Нервное возбуждение нарастало, он смеялся, затем стал показывать на стене китайские тени, разгибая и опять сгибая пальцы в причудливые фигуры. «Этим штукам я давно научился, Юра. Давно!»… Затем дыхание участилось, он стал повторять: «Зачем надо мной смеялись?» Он заговорил чаще, чаще, и уже еле угадывалось: «Зачем они в кустах? Зачем они меня пожалели?» – бормотанье сошло в какую-то неразборчивую тряску губ, он что-то шептал, а затем вдруг пронзительно закричал:
– Мам-ма!.. Мам-ма-а-а!
Быстро вошел врач, придерживая халат при шаге. Врач уже около часа сидел там, в коридоре.
– Сергей, возьми себя в руки! Сергей! – врач нервничал, легонько тряс Сереженьку, шлепал по щекам, а все это уже было ни к чему – Сереженька не шумел, уже впал в забытье. А врач все шлепал. Наконец стало ясно, что Сереженька забылся, глаза его были закрыты и не дрожали.
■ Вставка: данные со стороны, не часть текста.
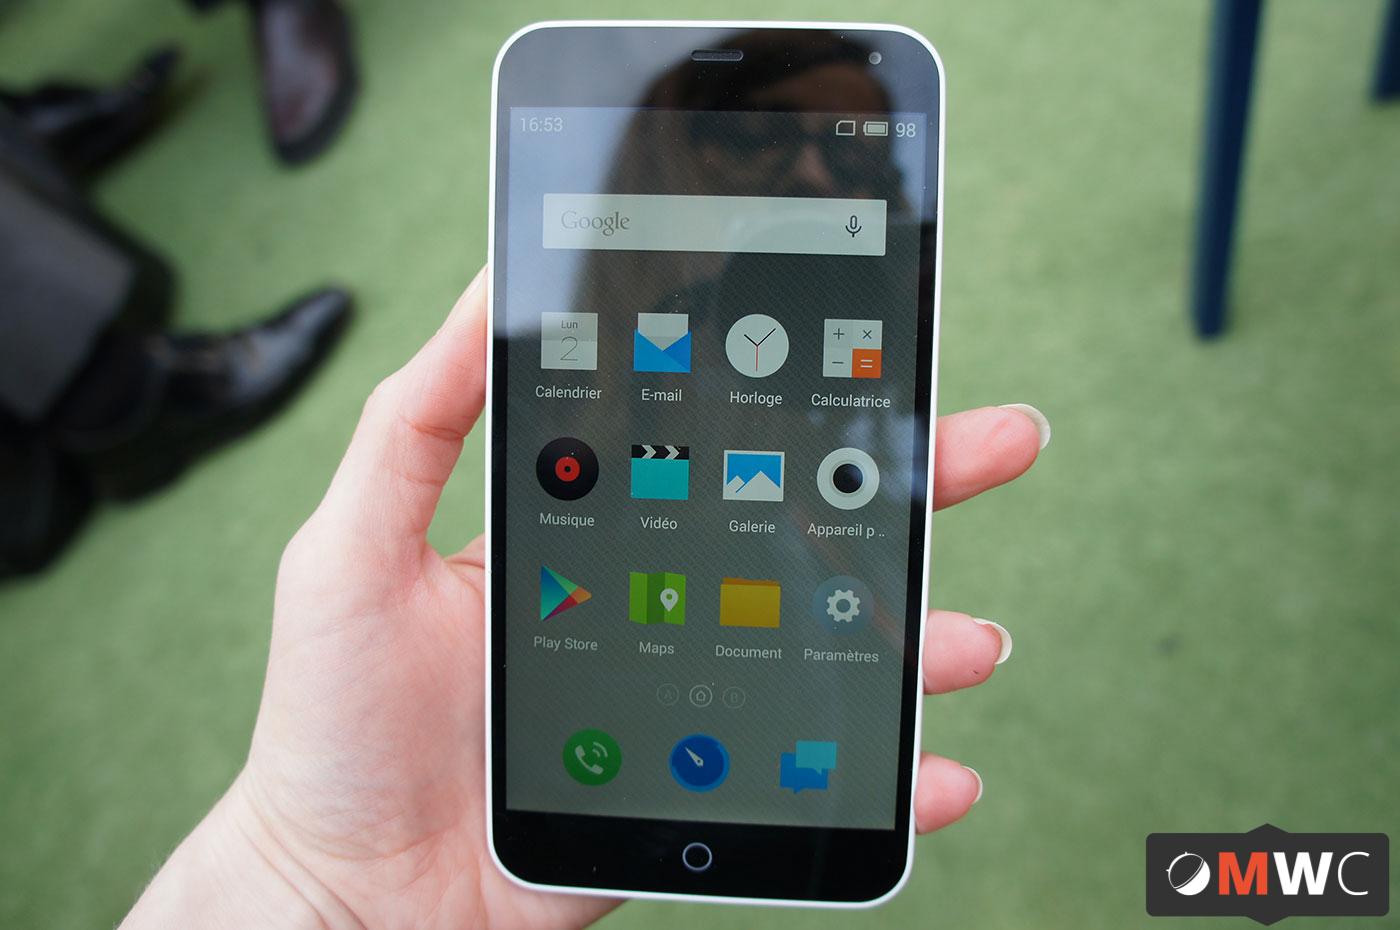 Prise en main du Meizu M1 Note sans 4G, premier étape dans l'expansion de Meizu en Europe

Они вышли – врач и Лапин, оба закурили. Врач жадно затягивался. И говорил:
– Не могу слышать, как он кричит это «мам-ма». Я многих слушал. У него нет матери, да?.. Ну что же, бедный, он так кричит? Часто это?
– Каждую ночь.
– Да, да… И я бессилен. Ничем уже не поможешь. Никто не поможет. Я вот пришел – а зачем?
Врач попрощался и ушел. Он шагал не очень быстро и не очень медленно.
Сереженька спал – вот только хлебная корка была у него в руке, он бессознательно схватил ее, и она так и осталась зажатой в кулаке. Лапин разжал ему пальцы, положил корку опять на стол и вялым движением стряхнул с простыни крошки.
Скоро Сереженька очнулся. Но, как и раньше, долго лежал молча с открытыми глазами. Затем медленно выговорил:
– Ты не сердись, что я молчу…
– Да, Сережа.
– Знаешь, о ком я подумал? О Голеве. После той голодовки, помнишь, он болел долго и умер.
– Помню.
– И мы его хоронили, и ты взял его майку… Маленькая, желтенькая, она лежала у тебя в шкафу. Я года два назад на нее наткнулся случайно, ты ее берег… А потом она куда-то пропала. Жаль.
– Да. Я тогда жениться собрался, ремонт делал.
– На Гале Неробейкиной?.. Я помню. И майка пропала?
– Да. Тогда неразбериха была, а я стены красил.